Мы видим, как валютные и коммуникационные зоны формируются параллельно, накладываясь друг на друга. Это архитектура нового мира: блоки государств объединяются не по принципу идеологии, а по принципу общей инфраструктуры, включающей всё от расчётов до мессенджеров. Коммуникация становится новой валютой — и её доверенность, защищённость и локализация приобретают стратегическое значение.
Мессенджеры в этой системе — уже не потребительский продукт, а фундаментальная прослойка суверенного управления. И их архитектура всё больше напоминает банковскую: с регламентами, шлюзами, протоколами доступа и чёткой юрисдикцией.

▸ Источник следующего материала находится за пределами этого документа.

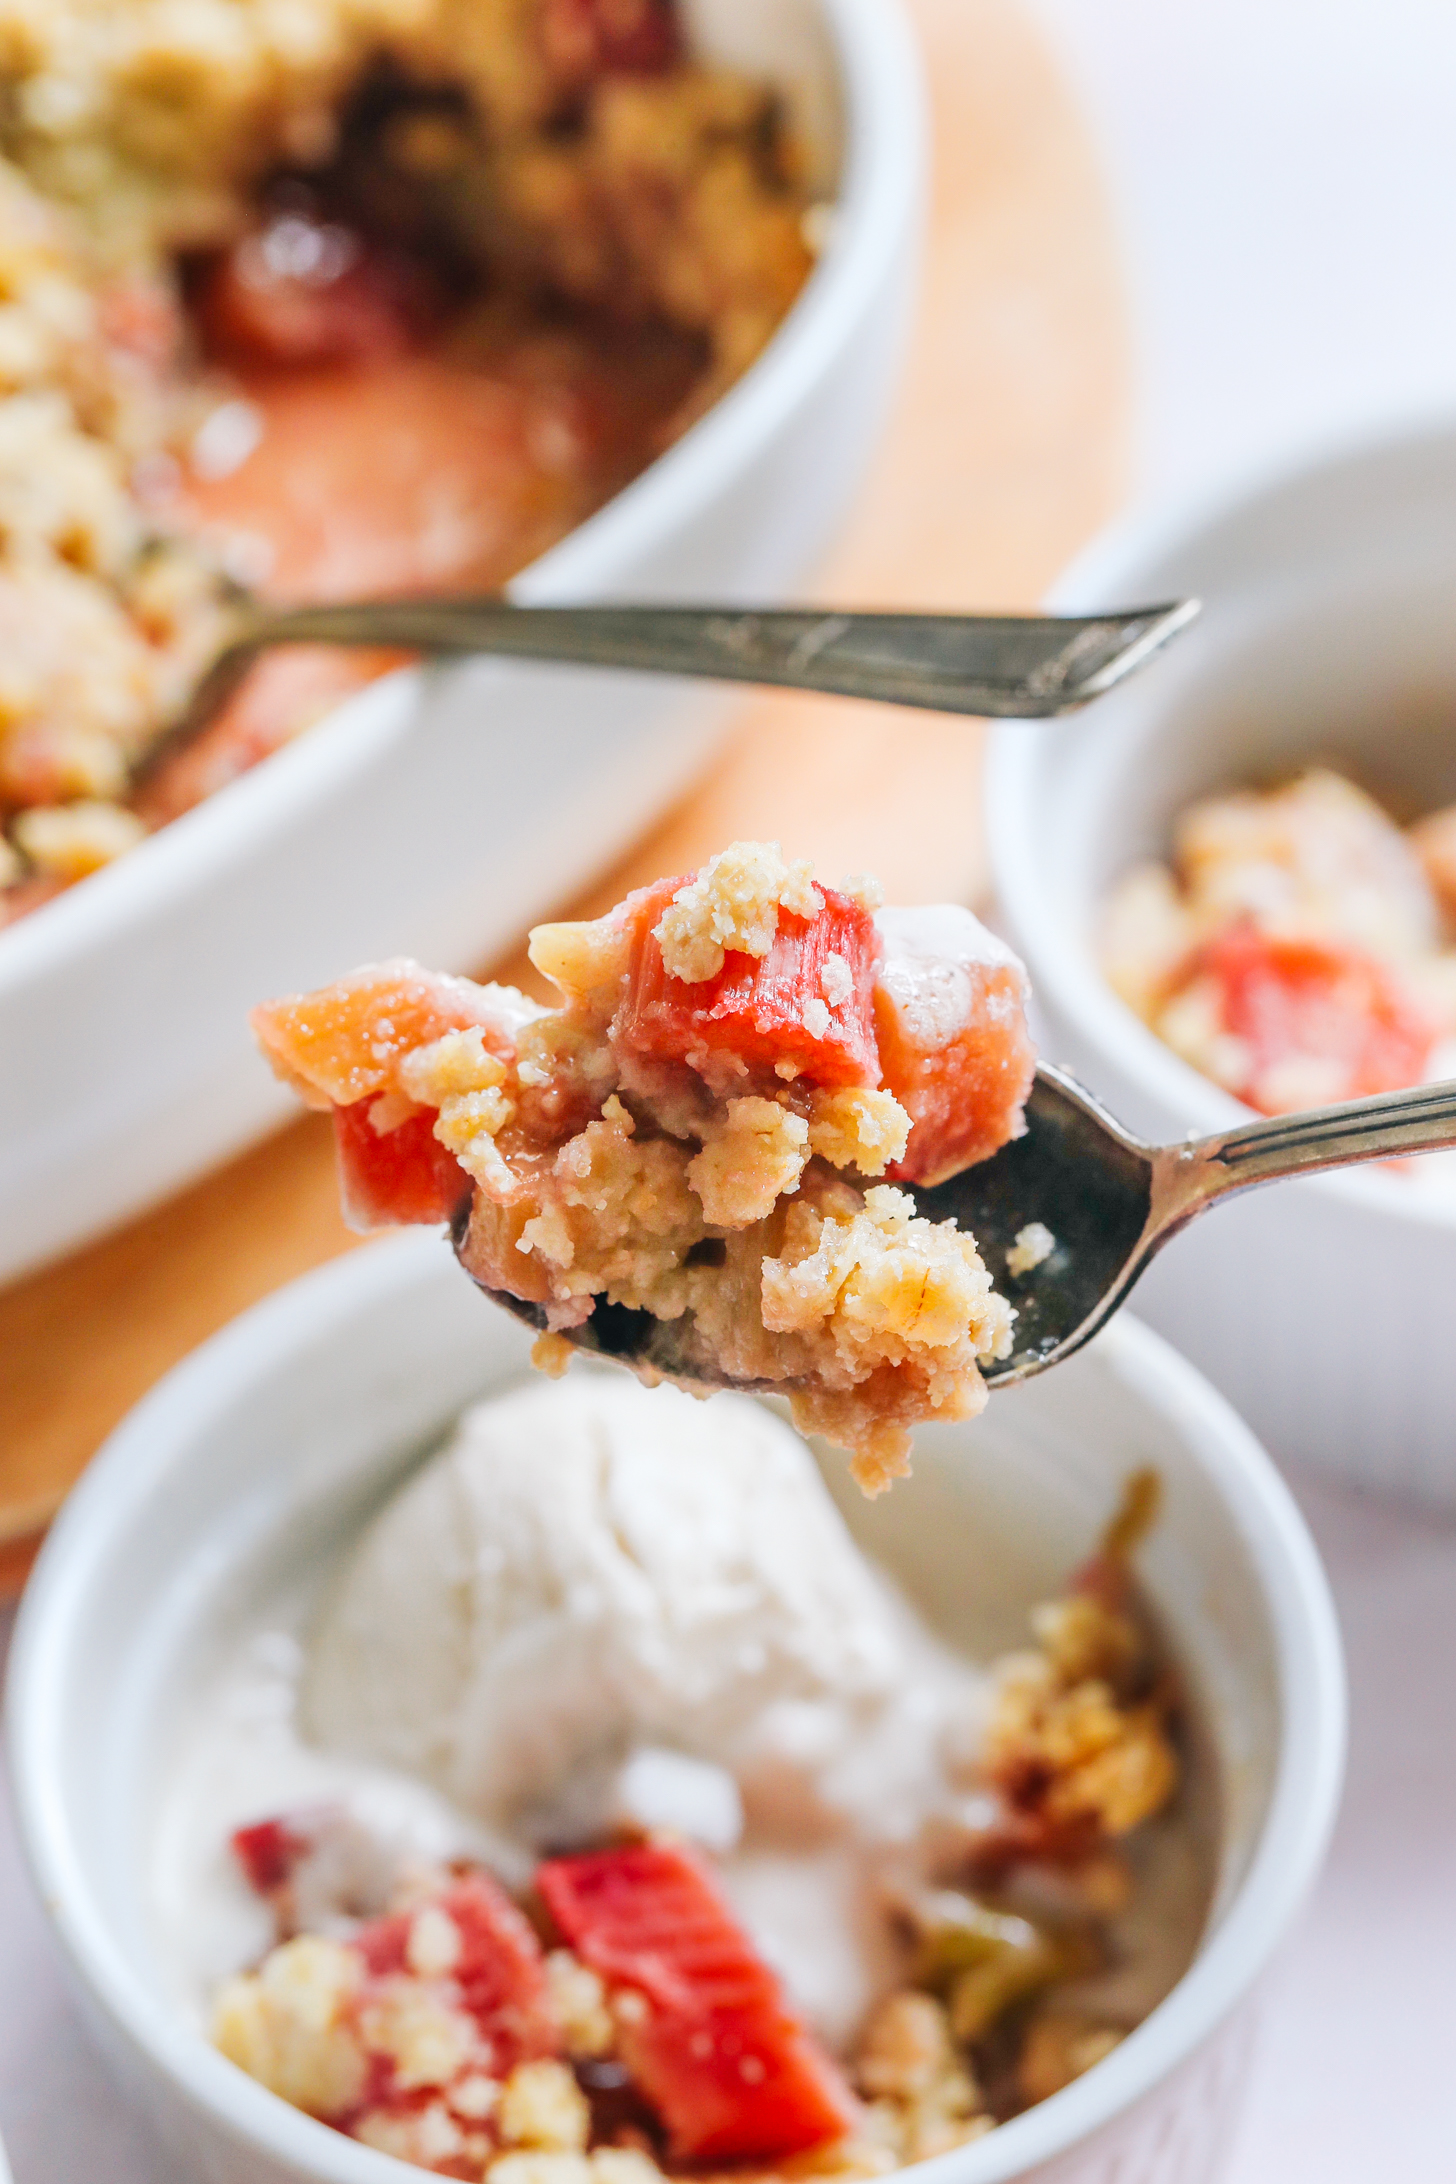 Spoon holding a bite of rhubarb crisp over a bowl
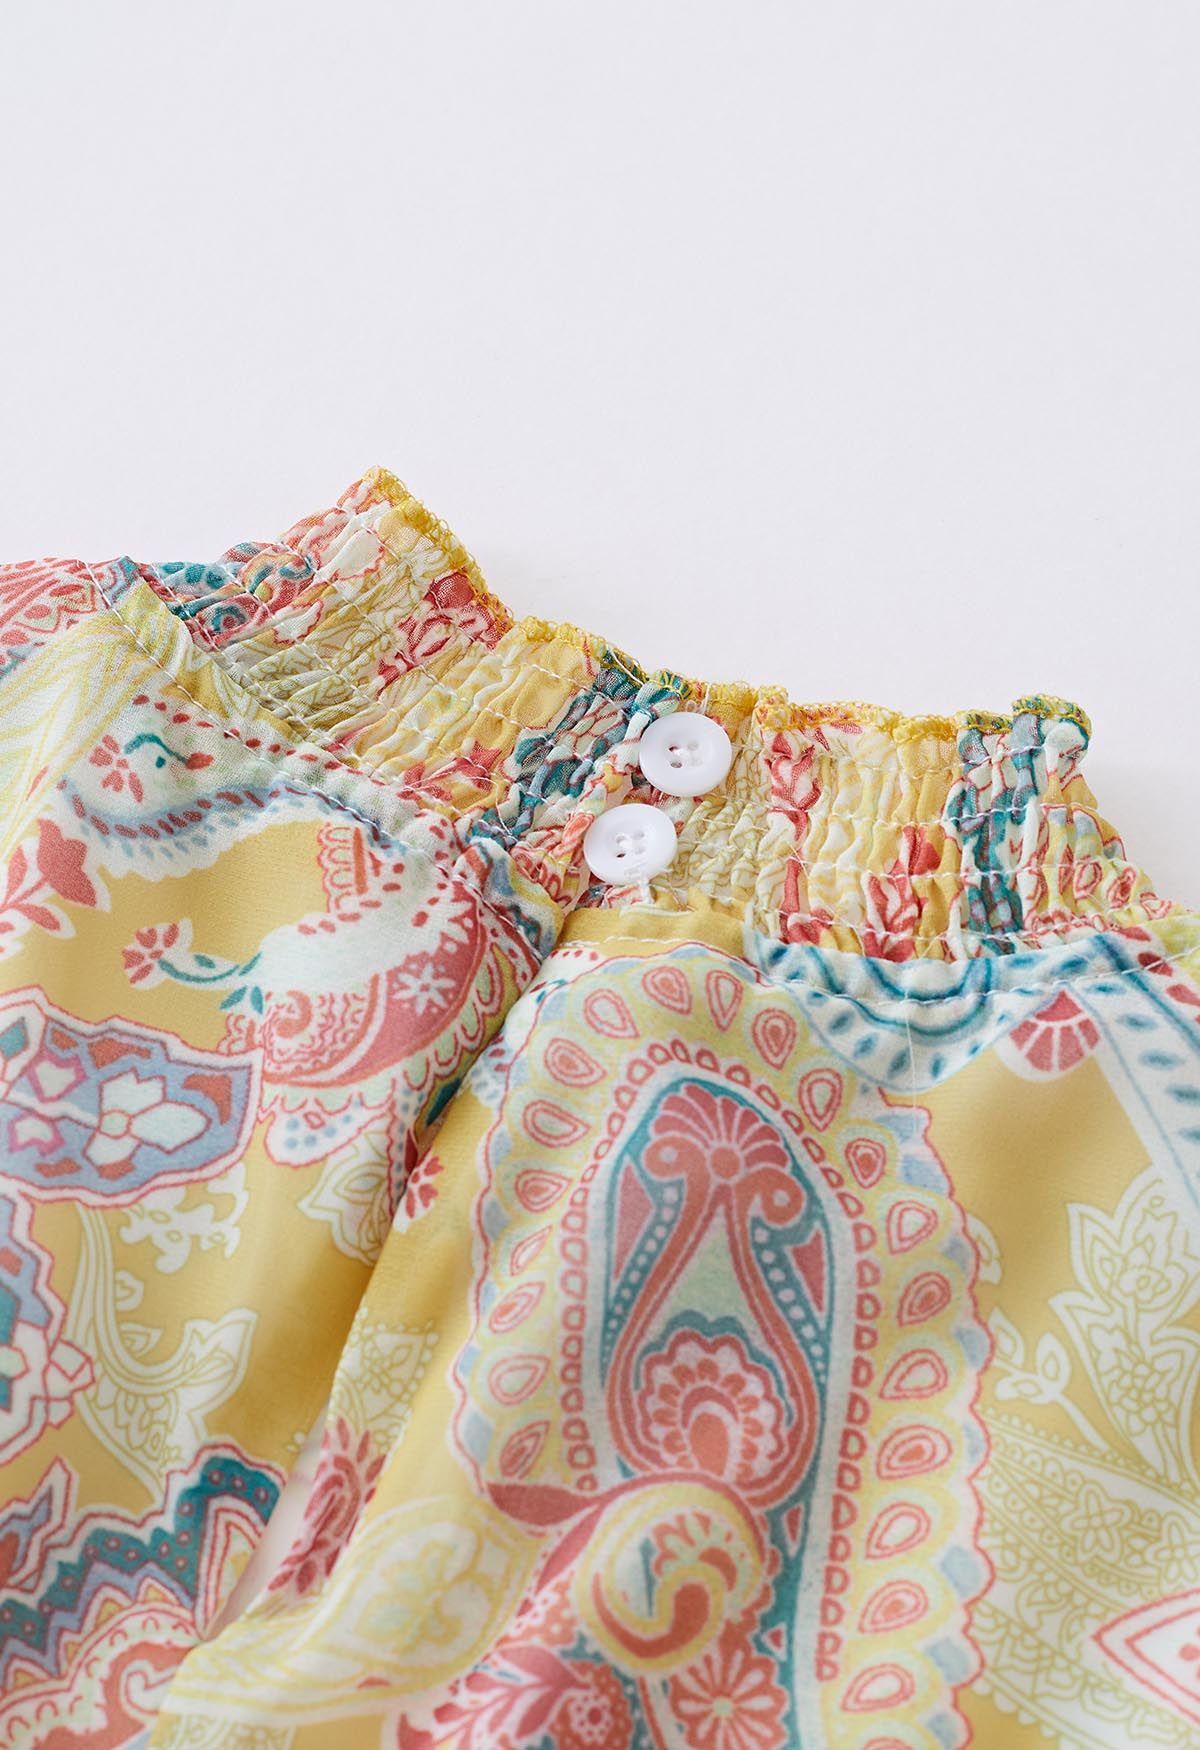 Paisley Printed Belted Tiered Chiffon Dress in Yellow - Retro, Indie ...

В этом и заключается суть цифровой деглобализации — не просто в отказе от чужого, а в построении своего, управляемого, но притом совместимого с другими по желанию.

Мир, где все пользовались продукцией транснациональных корпораций, стремительно уходит. На его месте вырастает лоскутная сеть из локальных платформ. И чем глубже будут противоречия между странами, тем твёрже станут границы этих цифровых анклавов.